Biographical details
- Born: November 8, 1963 (age 62)
- Alma mater: Bowling Green State University

Playing career
- 1980–1984: Bowling Green Falcons
- Position: Defenceman

Coaching career (HC unless noted)
- 1987–1988: New Hampshire (asst.)
- 1988–1999: Bowling Green (asst.)
- 1999–2025: RIT

Head coaching record
- Overall: 471–337–82 (.575)
- Tournaments: 6–7–2 (.467)

Accomplishments and honors

Championships
- 2000 ECAC West Champion; 2000 ECAC West tournament champion; 2001 ECAC West Champion; 2001 ECAC West tournament champion; 2002 ECAC West Champion; 2002 ECAC West tournament champion; 2003 ECAC West Champion; 2007 Atlantic Hockey Champion; 2009 Atlantic Hockey Champion; 2010 Atlantic Hockey Champion; 2010 Atlantic Hockey Tournament champion; 2011 Atlantic Hockey Champion; 2015 Atlantic Hockey tournament champion; 2016 Atlantic Hockey tournament champion; 2023 Atlantic Hockey Champion; 2024 Atlantic Hockey Champion; 2024 Atlantic Hockey tournament champion;

Awards
- 2001 Edward Jeremiah Award; 2010 Spencer Penrose Award; 2023 Atlantic Hockey Coach of the Year; 2024 Atlantic Hockey Coach of the Year;

= Wayne Wilson (ice hockey) =

Canadian ice hockey player and coach (born 1963)

J. Wayne Wilson (born November 8, 1963) is a retired Canadian former ice hockey coach and player. From 1999 to 2025, he was the head coach of the Rochester Institute of Technology men's ice hockey team, first at NCAA Division III and later at Division I.

== Playing career ==
Wilson grew up in Montreal, Quebec, but his family moved to Guelph, Ontario when he was sixteen. A defenceman, he played junior hockey for the Guelph Platers in the Ontario Hockey Association, then went on to college at Bowling Green State University in Ohio. He played four years (1980–1984) for the NCAA Division I Bowling Green Falcons, serving as captain in his senior year and leading the team to the 1984 national championship. He graduated with a degree in health, physical education, and recreation, then went on to get his master's degree in education from Bowling Green in 1987. While a grad student, he helped out as a part-time coach for the hockey team.

== Coaching career ==
After graduating with his masters, he spent one year as an assistant at the University of New Hampshire under coach Bob Kullen, but Kullen fell ill and that left his job in jeopardy. Seeking stability, he accepted a position as an assistant coach at his alma mater in 1988, a position he held through the 1998–99 school year. During that time, the Falcons made three NCAA tournament appearances. Several players (Rob Blake, Nelson Emerson and Brian Holzinger) went on to successful careers in the National Hockey League.
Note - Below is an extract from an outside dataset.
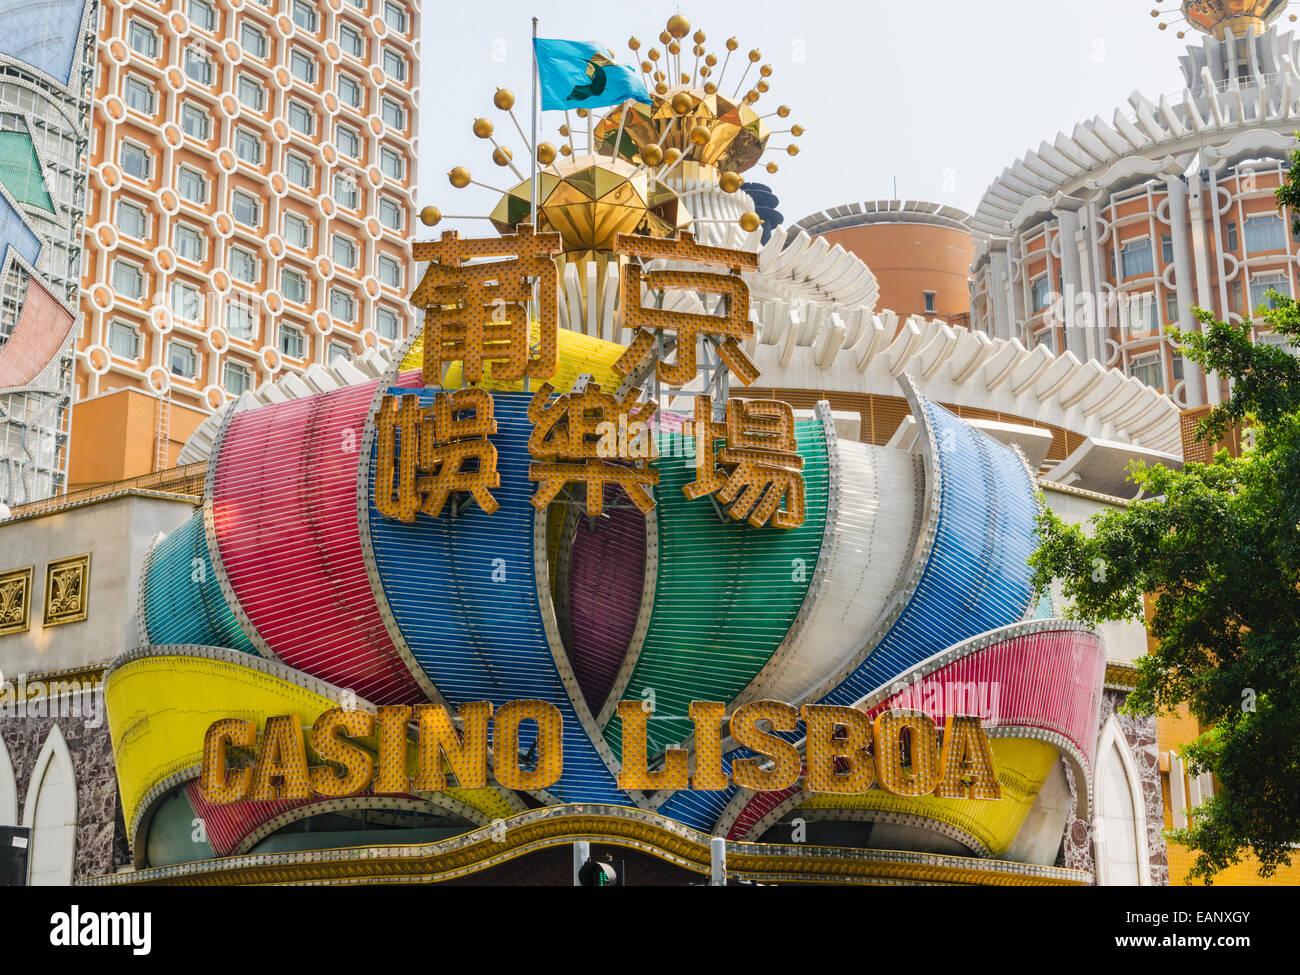 Casino Lisboa ingresso, Macau, Cina Immagini Stock

=== Rochester Institute of Technology ===
In 1999, after five years of seeking a head-coaching position, he was hired to be head coach at Division III Rochester Institute of Technology. He led the RIT Tigers to a nearly-undefeated season in 2000–01; their only loss was on home ice in the 2001 national championship game. That year, he won the Edward Jeremiah Award for the top coach in Division III men's hockey.

In his first six years at RIT, he compiled a 116–31–12 record (.767 winning percentage), with four ECAC West regular-season championships, three ECAC West tournament titles, and three NCAA tournament appearances. However, those all came in his first years at RIT; in 2003, the Tigers missed the D-III national tournament for the first time since 1995, and they would never return.

In late 2004, despite a couple of "down" years for the program (including "only" a 13–7–5 record in 2003–04), RIT President Albert J. Simone announced that RIT would move their hockey program up to the Division I level, retaining Wilson as head coach. RIT would join Atlantic Hockey starting in the 2006–07 season.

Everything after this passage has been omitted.